Latest revision as of 18:18, 21 January 2024

Problem

For any positive integer $M$, the notation $M!$ denotes the product of the integers $1$ through $M$. What is the largest integer $n$ for which $5^n$ is a factor of the sum $98!+99!+100!$ ?

$\textbf{(A) }23\qquad\textbf{(B) }24\qquad\textbf{(C) }25\qquad\textbf{(D) }26\qquad\textbf{(E) }27$

Solution 1

Factoring out $98!+99!+100!$, we have $98! (1+99+99*100)$, which is $98! (10000)$. Next, $98!$ has $\left\lfloor\frac{98}{5}\right\rfloor + \left\lfloor\frac{98}{25}\right\rfloor = 19 + 3 = 22$ factors of $5$. The $19$ is because of all the multiples of $5$.The $3$ is because of all the multiples of $25$. Now, $10,000$ has $4$ factors of $5$, so there are a total of $22 + 4 = \boxed{\textbf{(D)}\ 26}$ factors of $5$.

~CHECKMATE2021

Solution 2

Also, keep in mind that the number of $5$’s in $98! (10,000)$ is the same as the number of trailing zeros. The number of zeros is $98!$, which means we need pairs of $5$’s and $2$’s; we know there will be many more $2$’s, so we seek to find the number of $5$’s in $98!$, which the solution tells us. And, that is $22$ factors of $5$. $10,000$ has $4$ trailing zeros, so it has $4$ factors of $5$ and $22 + 4 = \boxed{26}$.

~CHECKMATE2021


Solution 3

We can first factor a $98!$ out of the $98! + 99! + 100!$ to get $98! ( 1 + 99 + 100*99 ),$ Simplify to get $98! (10,000)$.

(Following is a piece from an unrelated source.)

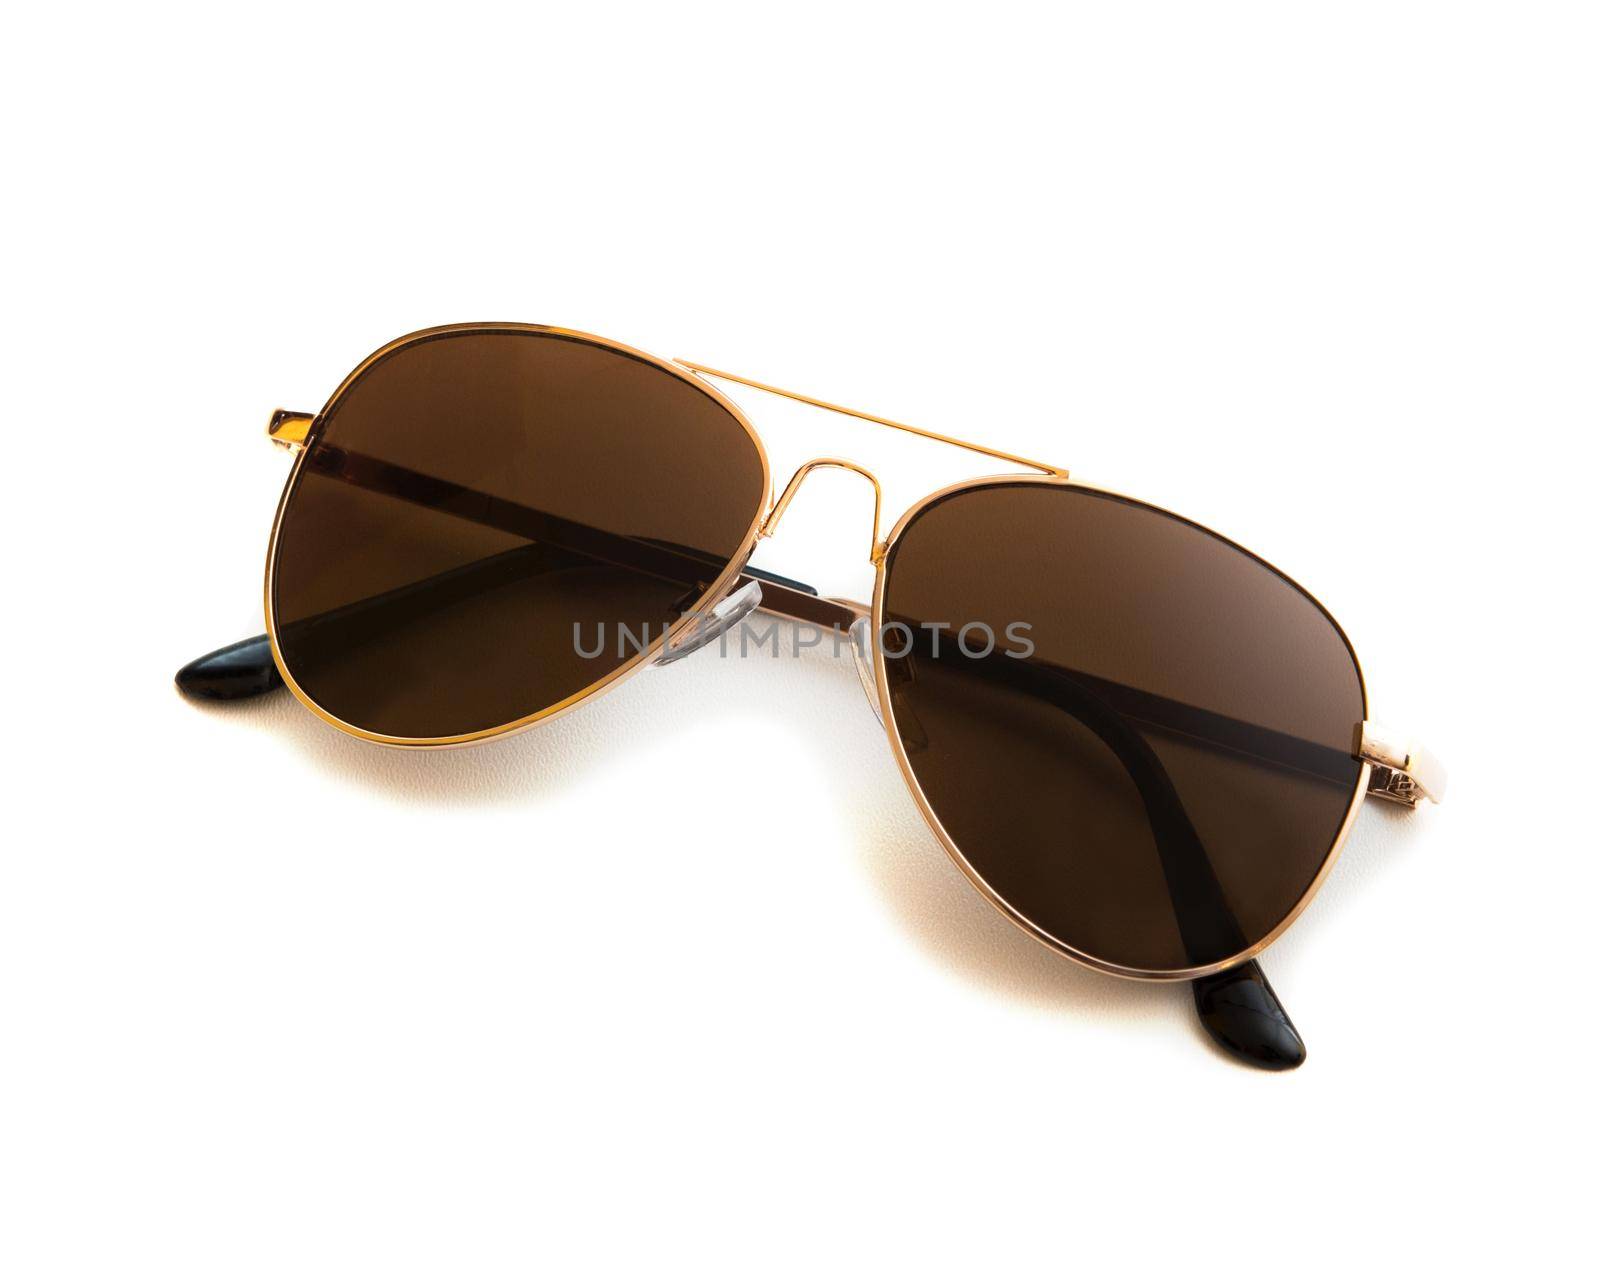 Aviator sunglasses by tan4ikk1
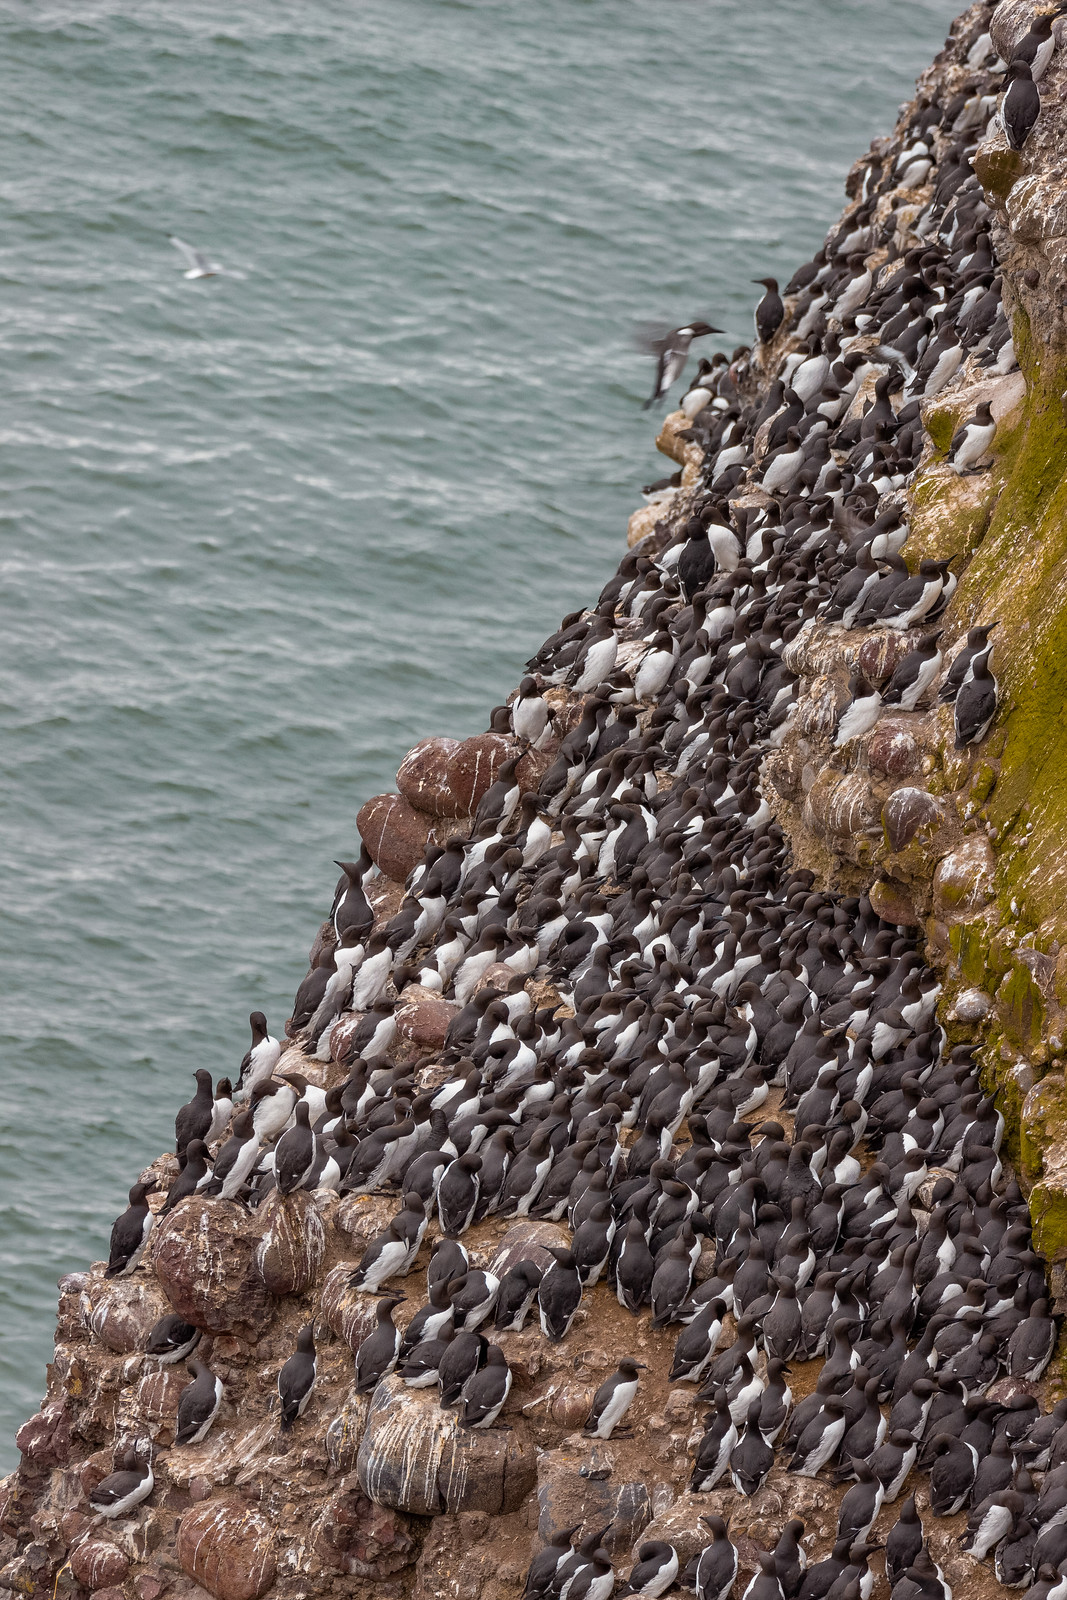 Hundreds of guillemots on the cliffs at RSPB Fowlsheugh, Aberdeenshire.

Let's first find how many factors of $5 10,000$ has. $10,000$ is $(2*5)^4$ because $10,000$ is $(10)^4$. After we remove the brackets, we get $2^4$, and $5^4$. We only care about the latter (second one), because the problem only ask's for the power of $5$. We get $4$

Next, we can look at the multiples of 5 in $98!$. $98/5 = 19$ so there is 19 multiples of 5. We get $19$

But we cannot forget the multiples of $5$ with $2$ fives in it. Multiples of $25$. How many multiples of $25$ are between $1$ and $98$? $3$. $25,50,75,$ and that's it. We get $3$

Finally, we add all of the numbers (powers of $5$) up. That is $4 + 19 + 3$, which is just $26$

So the answer is $26$. Which is answer choice D $\boxed{\textbf{(D)}\ 26}$.

~CHECKMATE2021

Video Solution (CREATIVE THINKING + ANALYSIS!!!)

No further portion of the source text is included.